* _DATASET EXTRACT_
################

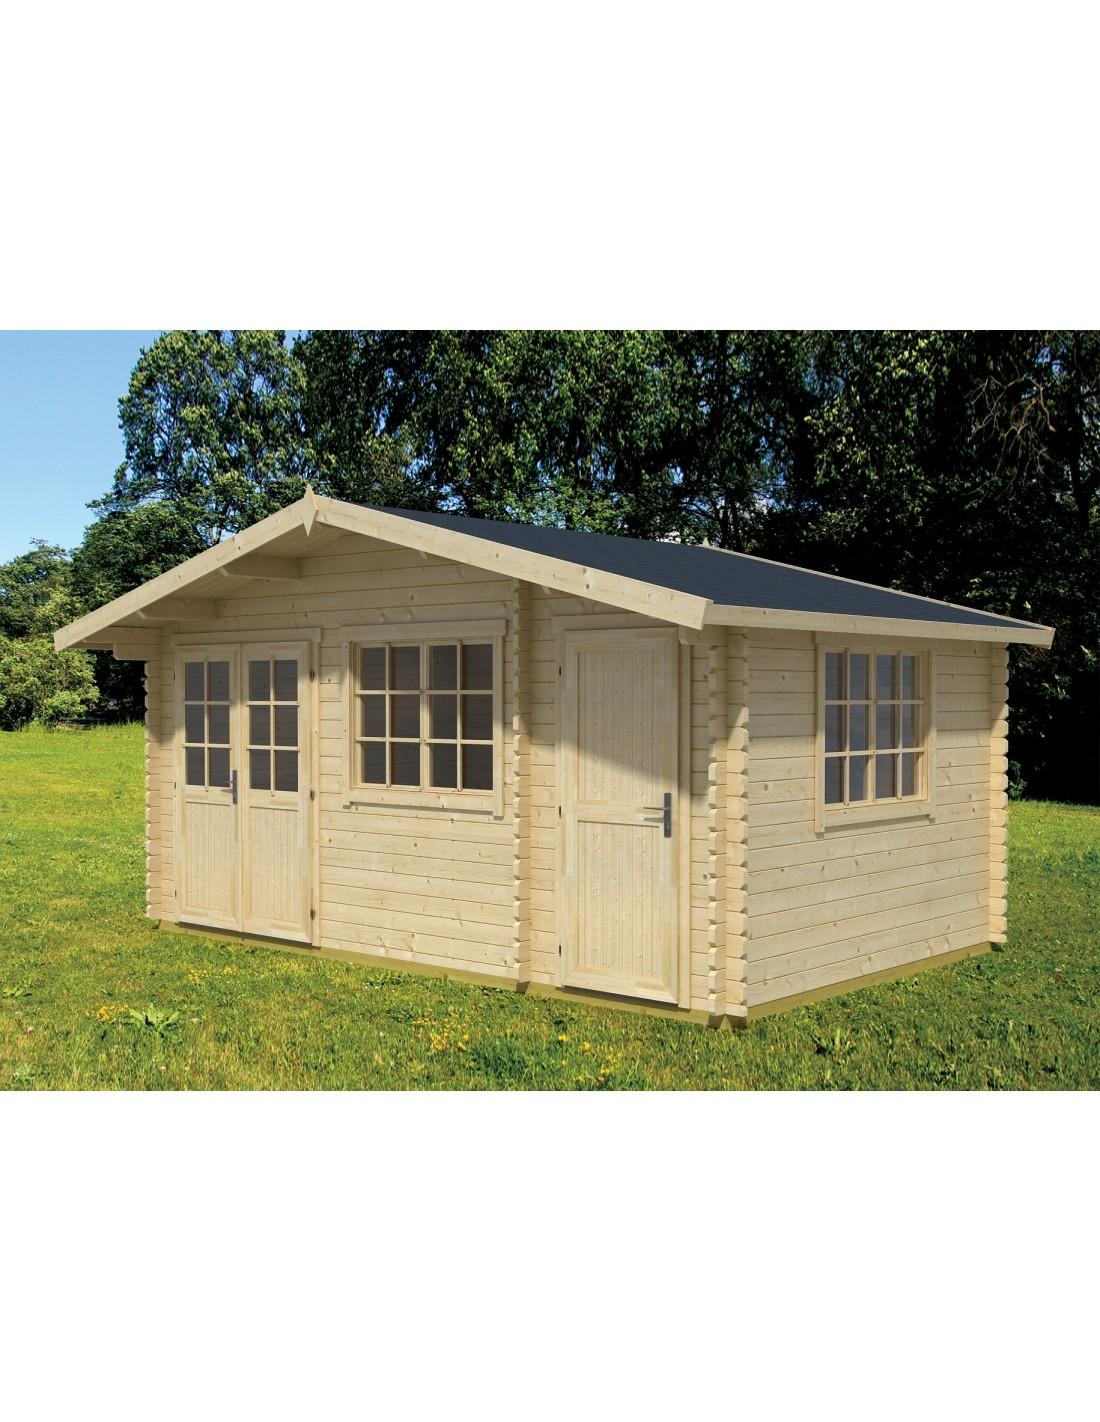 Abri de jardin borkum 15 2 m avec plancher bois massif 40 mm - Abri de jardin avec plancher ...
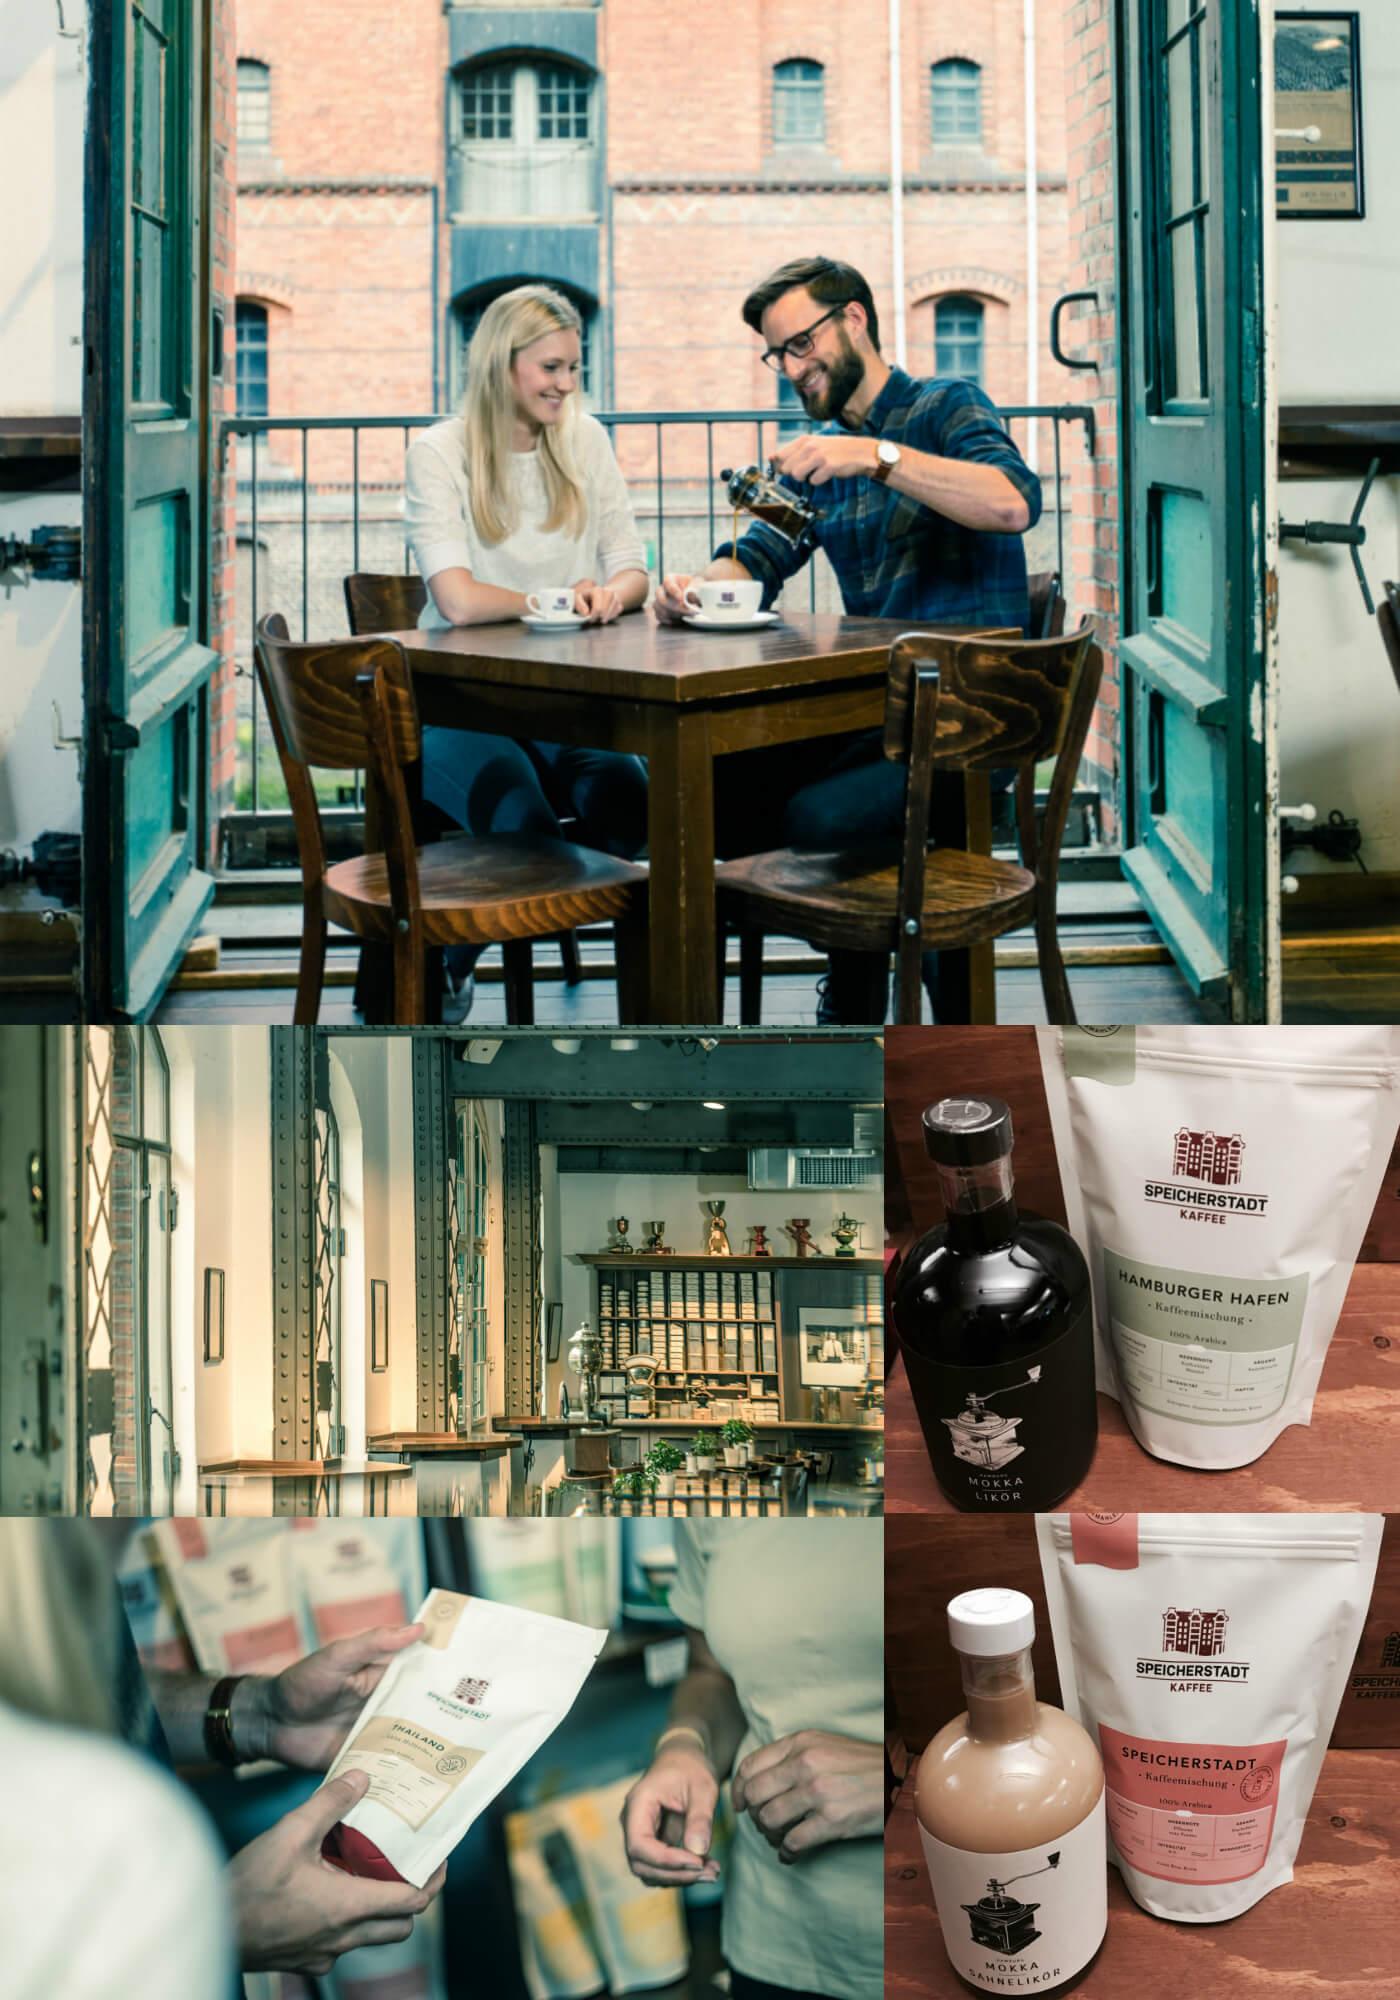 f r alle genie er verlosen wir 10x1 geschenkpaket der speicherstadt kaffeer sterei mit kaffee. Black Bedroom Furniture Sets. Home Design Ideas
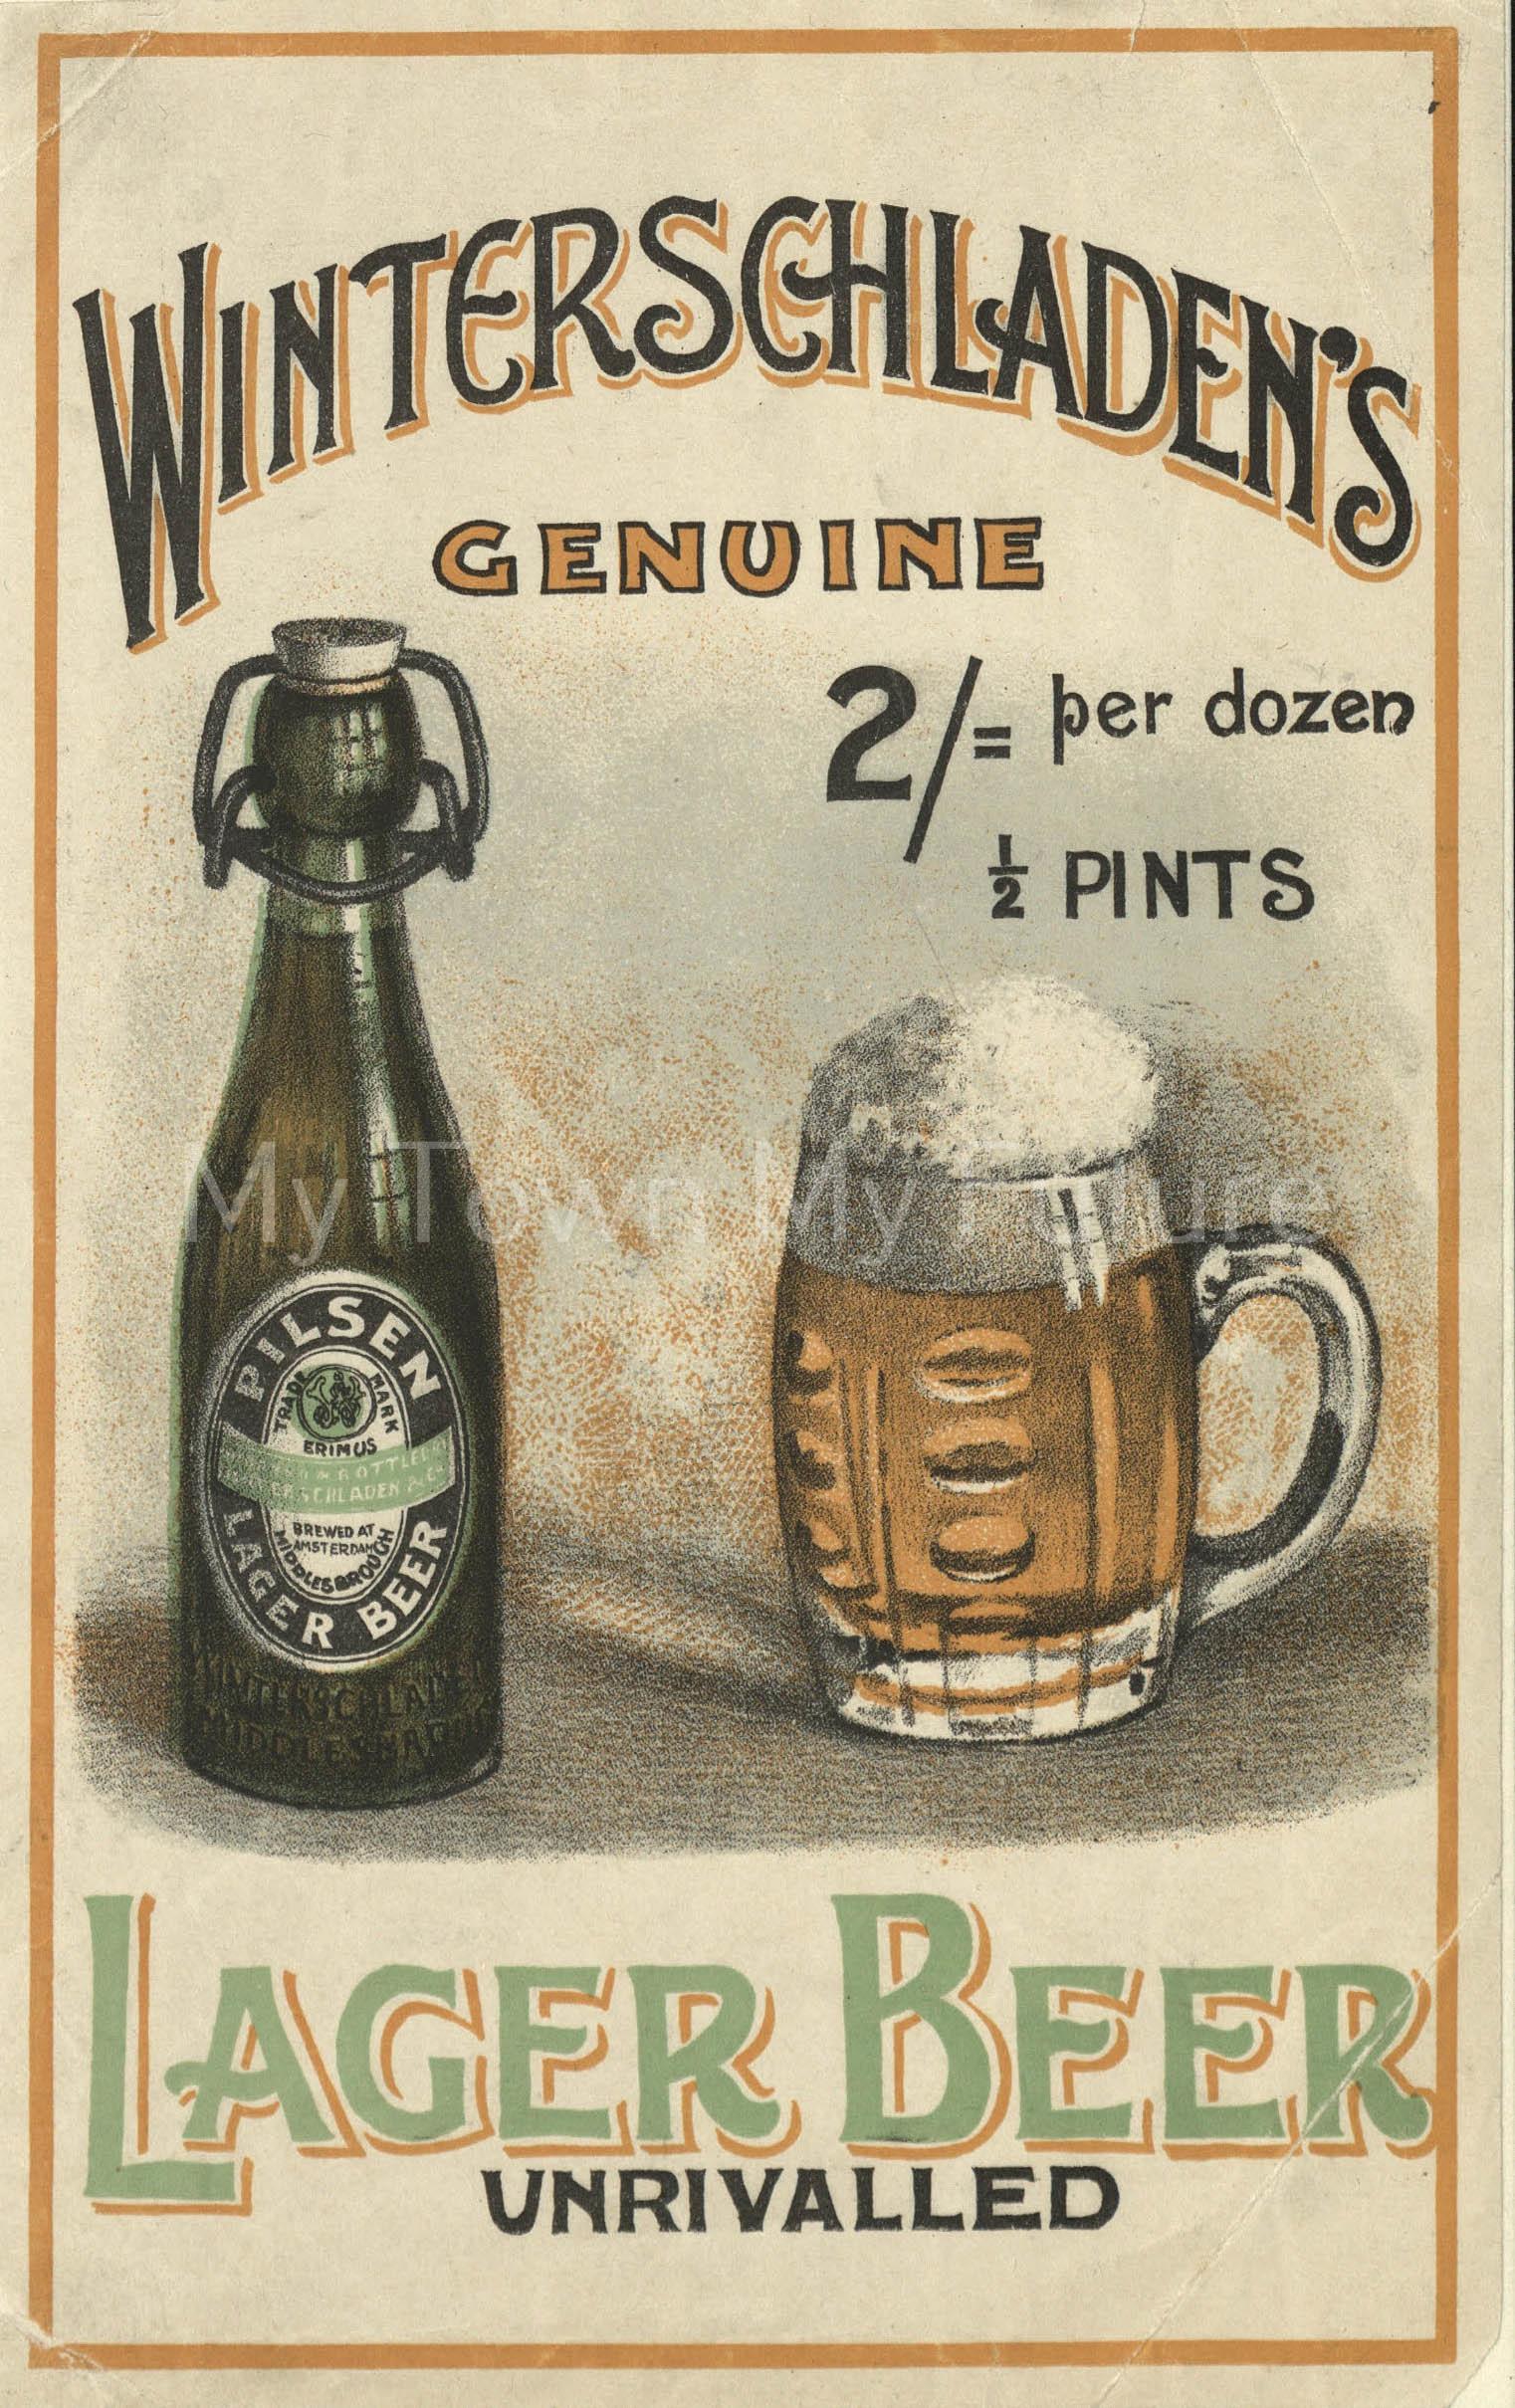 Winterschaden's Genuine Lager Beer, 1950

################

* _WORK REQUEST_
Transcribe only the lines from the line holding "f r alle genie" to the final line of the listing above. Keep them exact, include both ends, and skip the pictures.

* _EXERCISE RESPONSE_
 f r alle genie er verlosen wir 10x1 geschenkpaket der speicherstadt kaffeer sterei mit kaffee. Black Bedroom Furniture Sets. Home Design Ideas
 Winterschaden's Genuine Lager Beer, 1950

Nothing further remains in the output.